- **WHAT THE EXERCISE ASKS**
Omit the images, then repeat the listing exactly.

- **DATA**

────────────────────

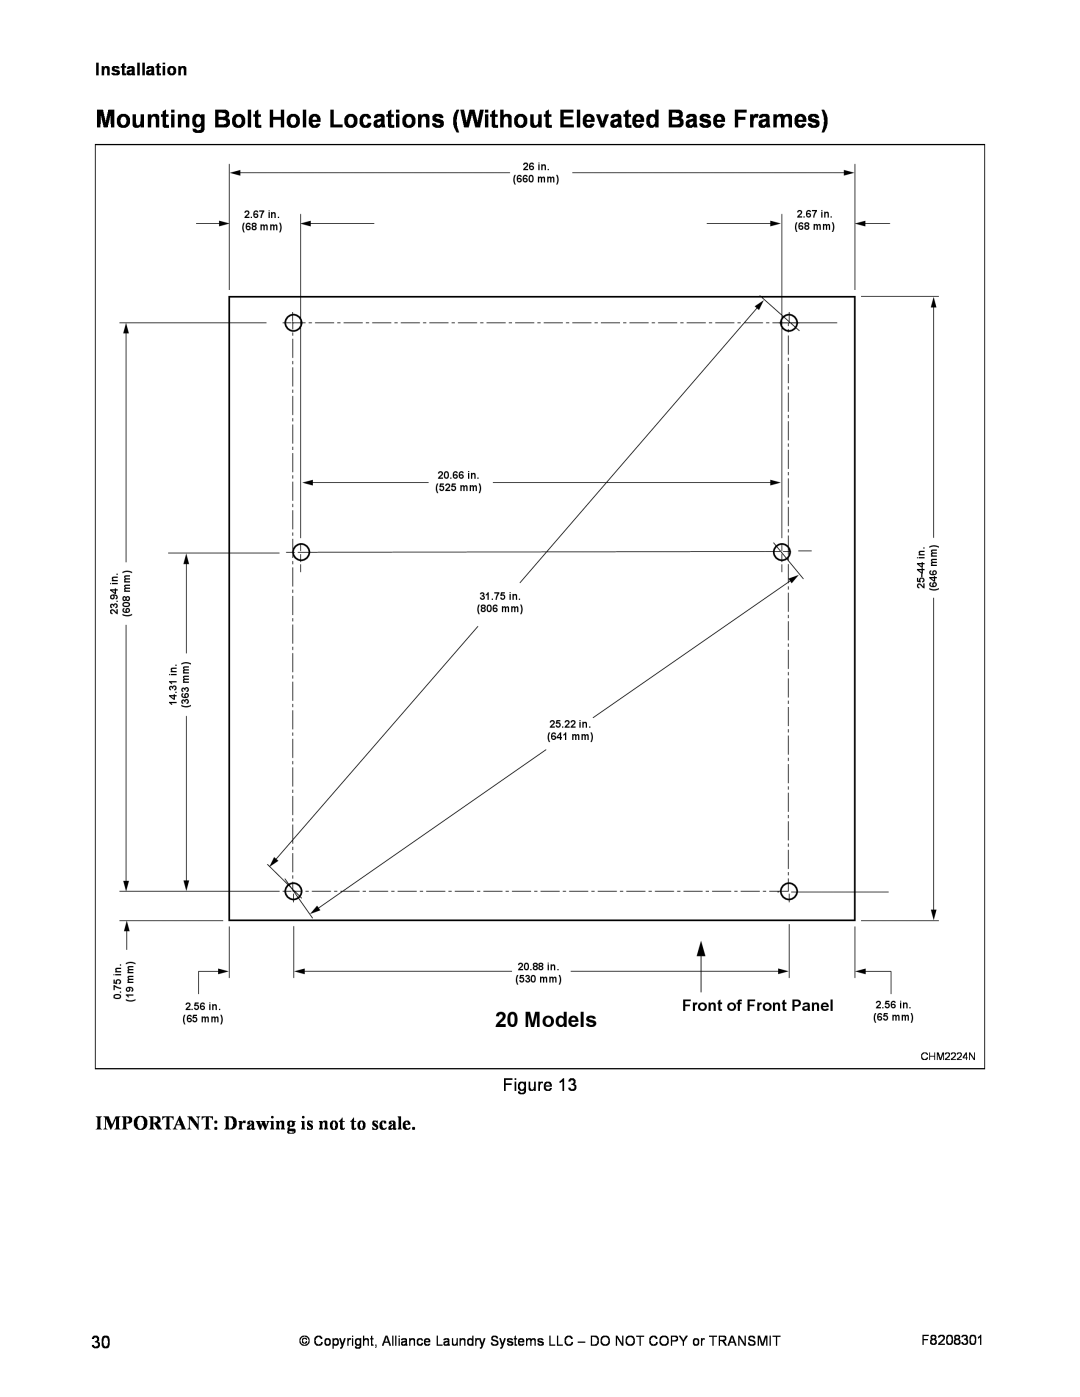 Alliance Laundry Systems CHM1772C manual Mounting Bolt Hole Locations Without Elevated Base Frames, Models, Installation 
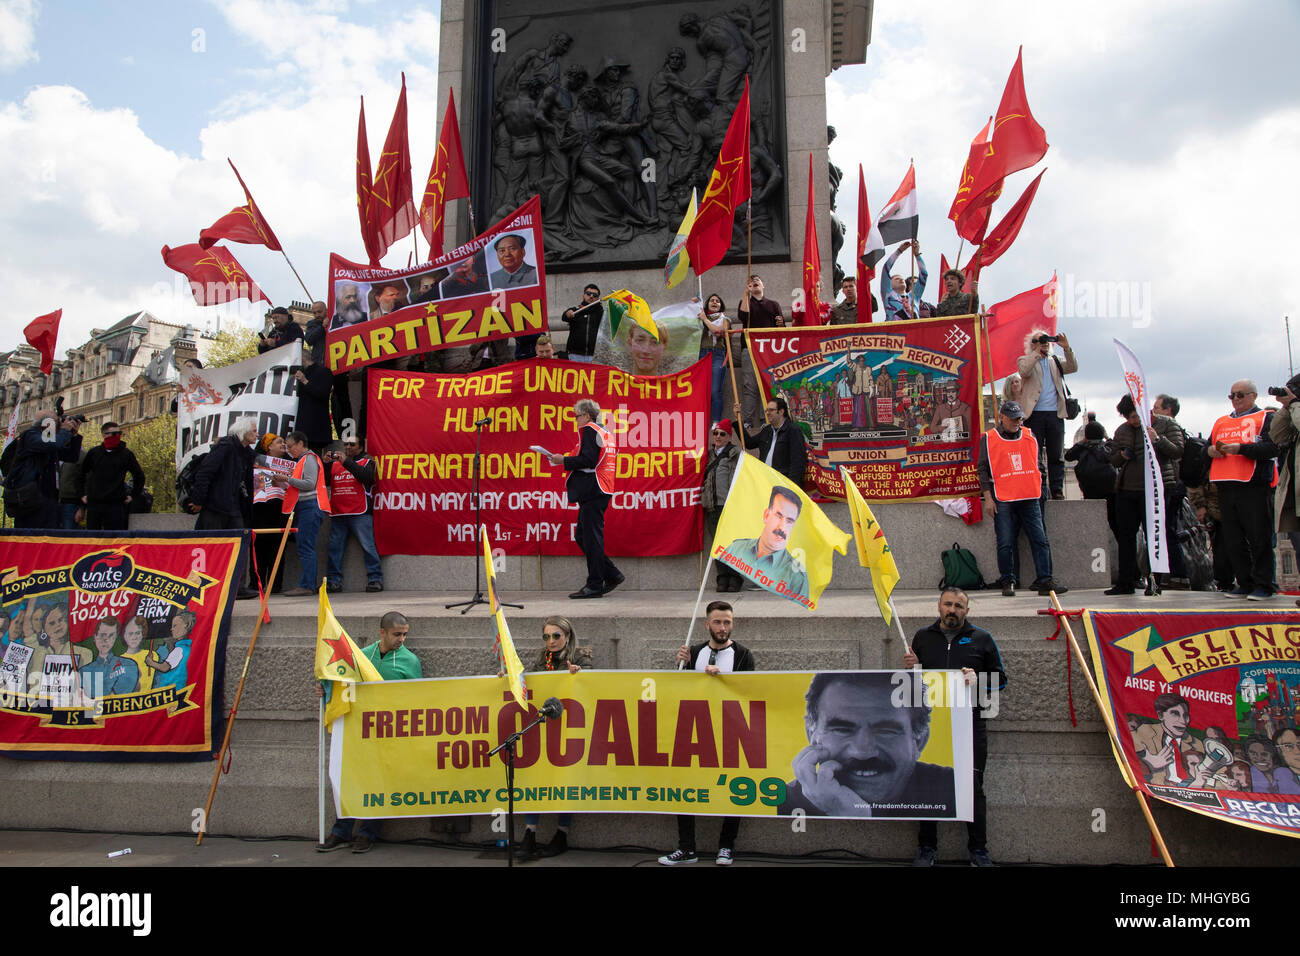 London, UK. 1st May, 2018. Communist Party of Great Britain red flags  during May Day celebrations in London, England, United Kingdom.  Demonstration by unions and other organisations of workers to mark the
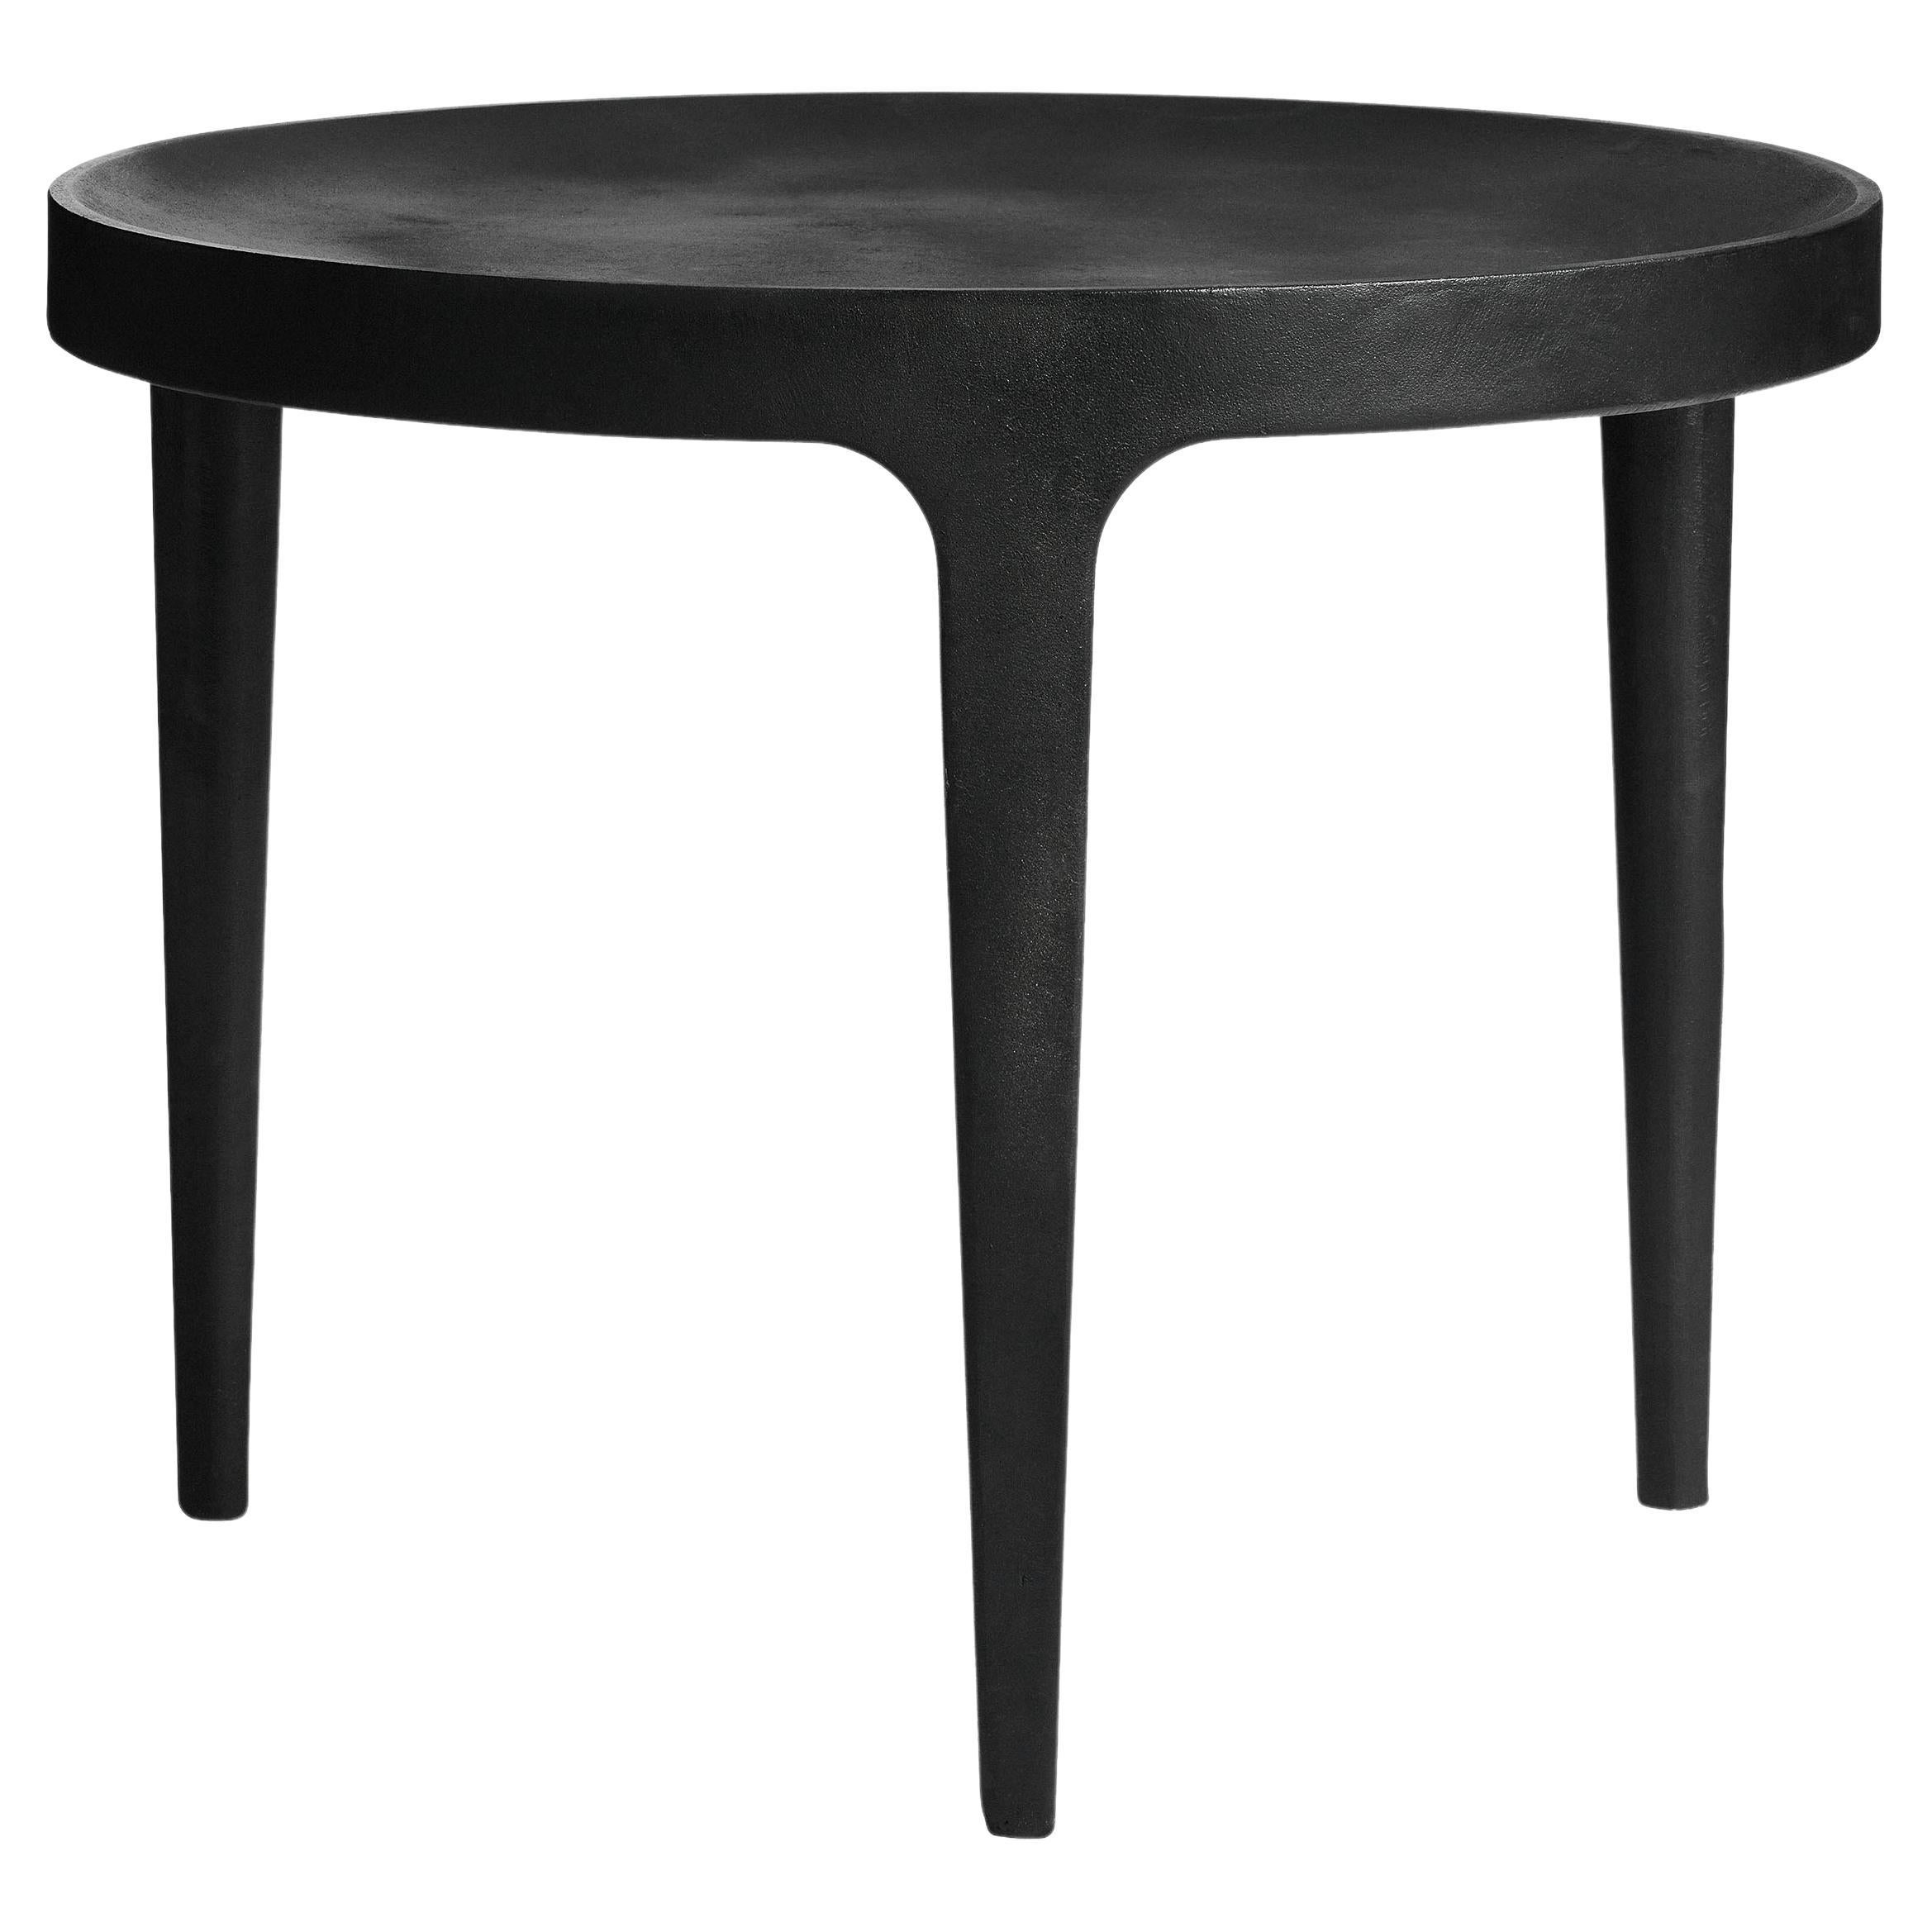 Contemporary Coffee Table 'Ghost' by Fogia, Black Aluminium

────────────────────

- **RESPONSE TO THIS TASK**
 Alliance Laundry Systems CHM1772C manual Mounting Bolt Hole Locations Without Elevated Base Frames, Models, Installation 
 London, UK. 1st May, 2018. Communist Party of Great Britain red flags  during May Day celebrations in London, England, United Kingdom.  Demonstration by unions and other organisations of workers to mark the
 Contemporary Coffee Table 'Ghost' by Fogia, Black Aluminium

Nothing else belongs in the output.